Можем ли мы собой гордиться? Не знаю. Чувство гордости за себя любимого обычно появляется в момент достижения поставленной цели. К сожалению человек так устроен, что как только очередная цель достигнута, на горизонте начинает маячить другая, еще более призрачная. Причем любая цель имеет вполне реальный денежный эквивалент. Все упирается в бабки. Или не все?
Не мешало бы мне со всем этим как-нибудь на досуге разобраться.
Вот открывается дверь и влетает Аркашка.
– Шеф, я заказал для тебя на вечер двенадцать бутылок безалкогольного пива.
– Ты хочешь, чтобы я обоссался?
– Вообще-то, когда ты пил, это была твоя норма.
– Это разные вещи, – я чешу затылок. – Впрочем, придет Шамрук. Нам как раз хватит.
– А что, Шамрук тоже?
– Тоже.
– Ух, ты.
Аркашка убегает, но тут же возвращается снова.
– Совсем забыл! Я нашел эту бабу! – орет он.
– Какую бабу?
– Доктора, психиатра, по фамилии Сенчилло. Помнишь, ты мне давал задание найти ее?
Дверь открыта настежь.
– Пожалуйста, не ори и закрой дверь. Где ты ее нашел?

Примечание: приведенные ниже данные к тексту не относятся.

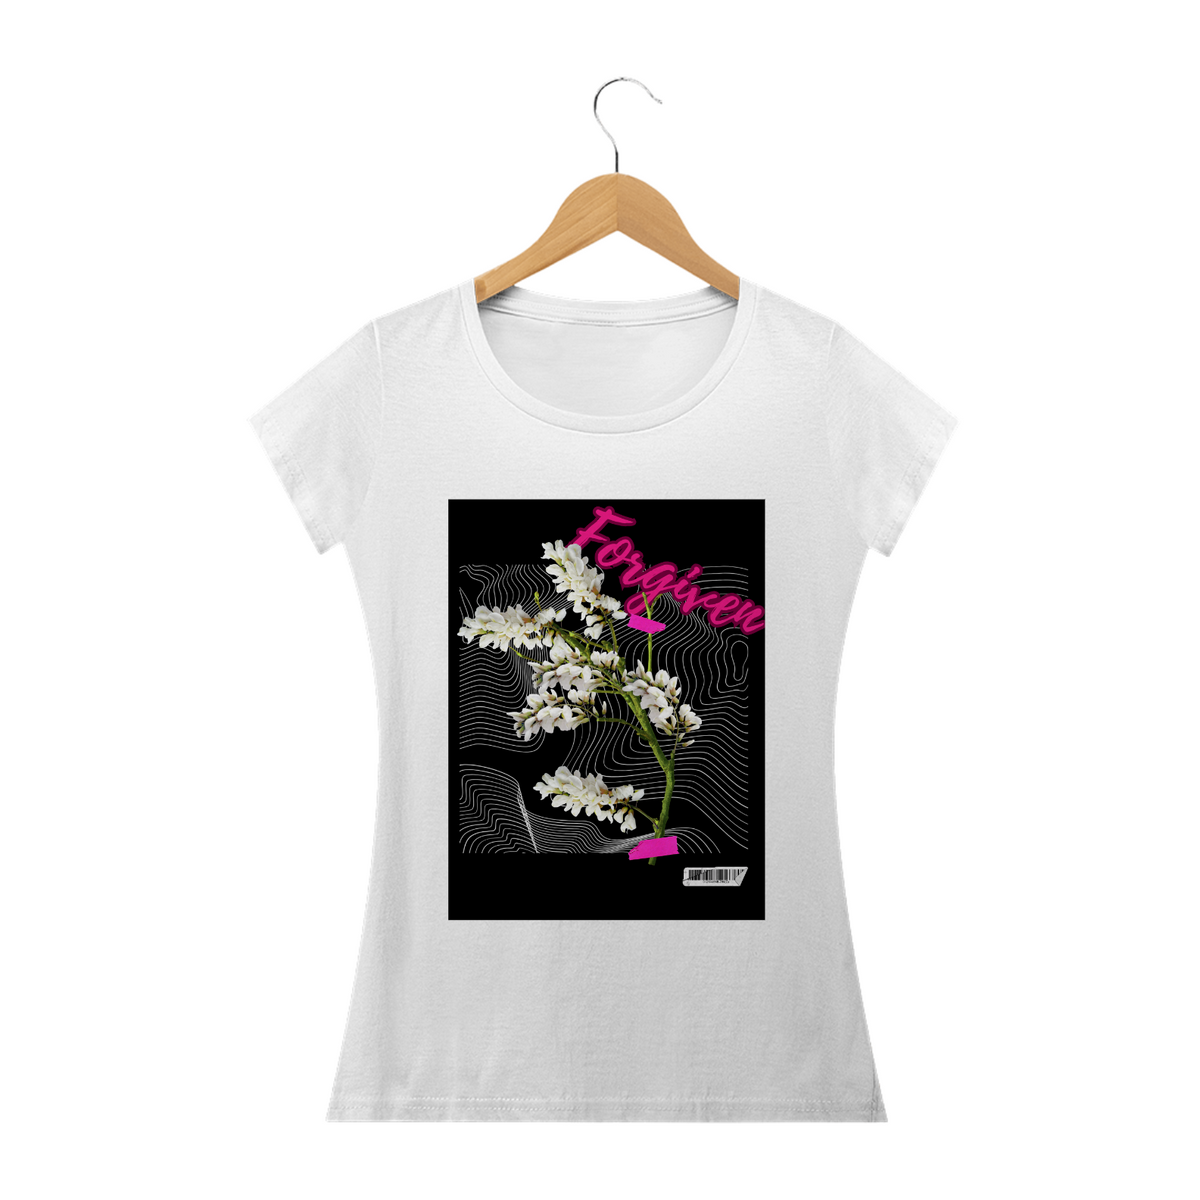 Nome do produto: T-shirt flower forgiven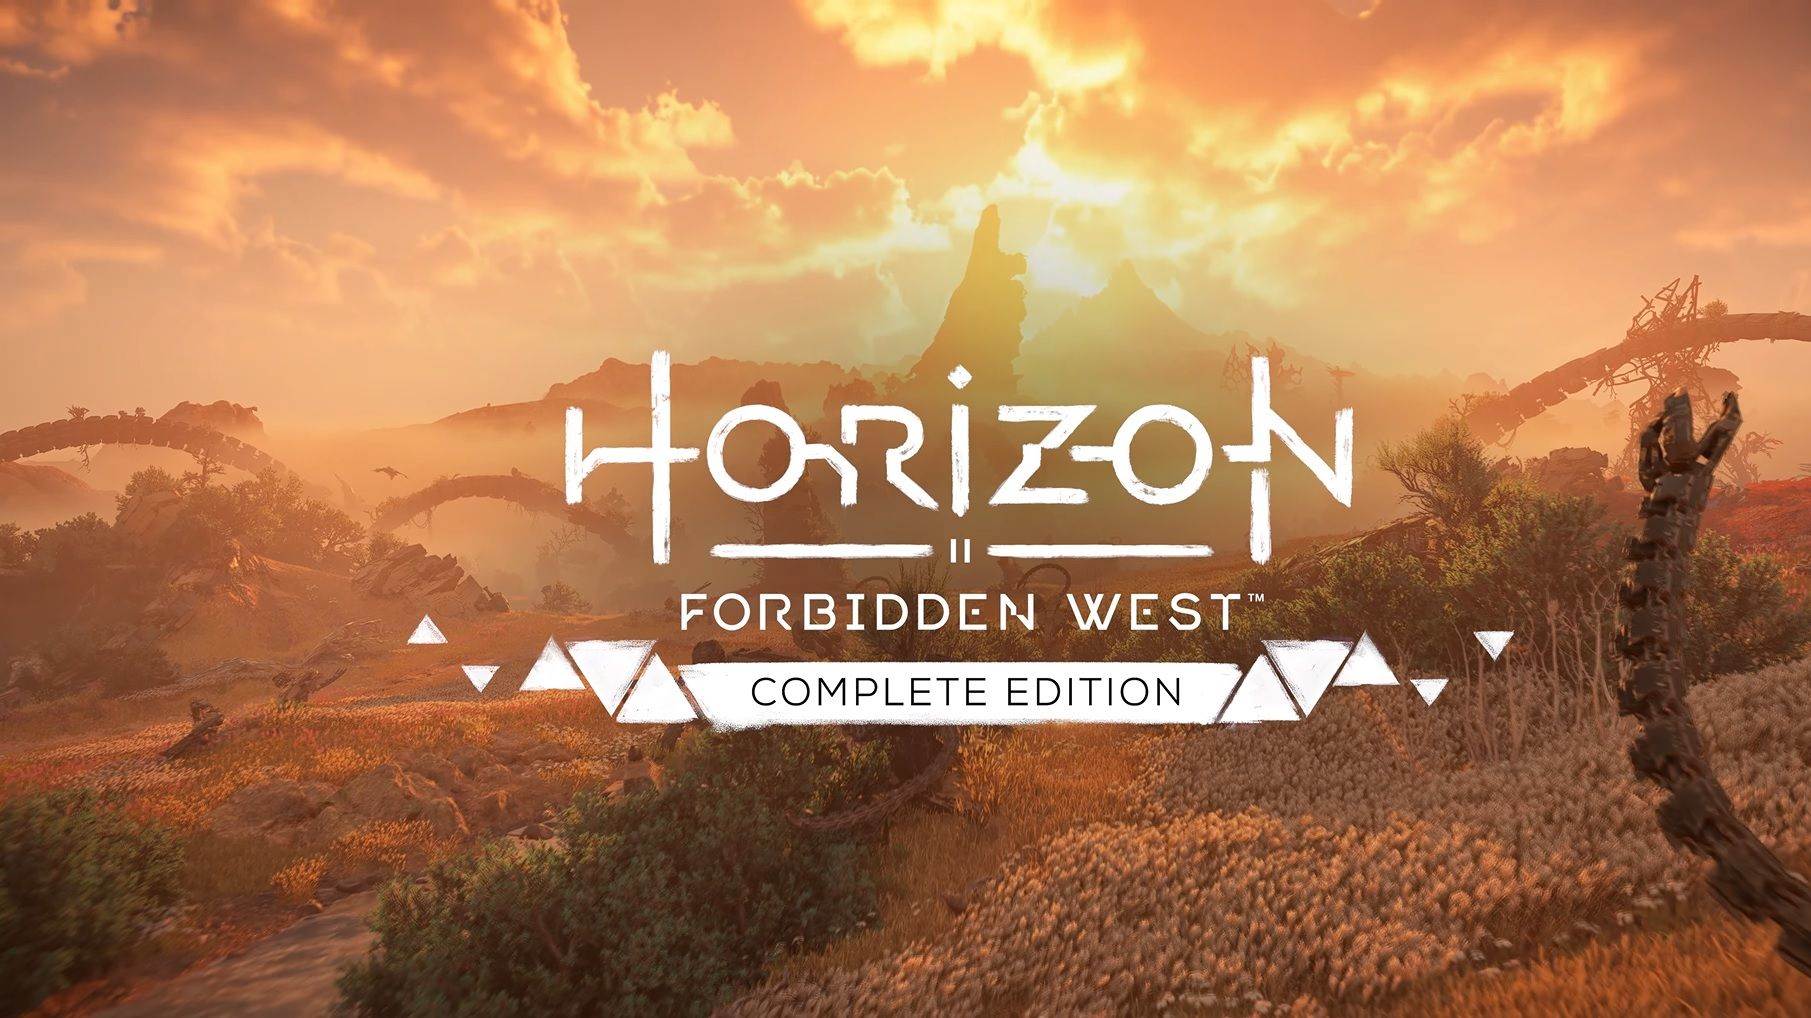  Horizon Forbidden West Complete Edition (3).jpg

– По объявлению в газете. Она, между прочим, никуда не пряталась, и не убегала. Просто сменила офис. Вышло постановление мэрии, запрещающее сдавать под коммерческие цели помещения социального назначения, больницы, школы, детсады. Вот ей и пришлось съехать.
Аркашка протягивает мне визитку.
– Она тебя помнит. «Зачем я ему»? – спрашивает. А я даже не знаю что ответить.
– Не твое дело.
– Шеф, ну скажи.
– Отстань.
– А она очень даже ничего. Ты того, что ли с ней?
– Нет, не того.
– А хочется?
– В том то и дело, что много чего хочется, да не можется. Эта стерва меня загипнотизировала. После ее сеанса мой член ни на кого кроме жены подниматься не хочет. Мне нужно чтобы она сняла код. Так хочется налево, что зубы сводит.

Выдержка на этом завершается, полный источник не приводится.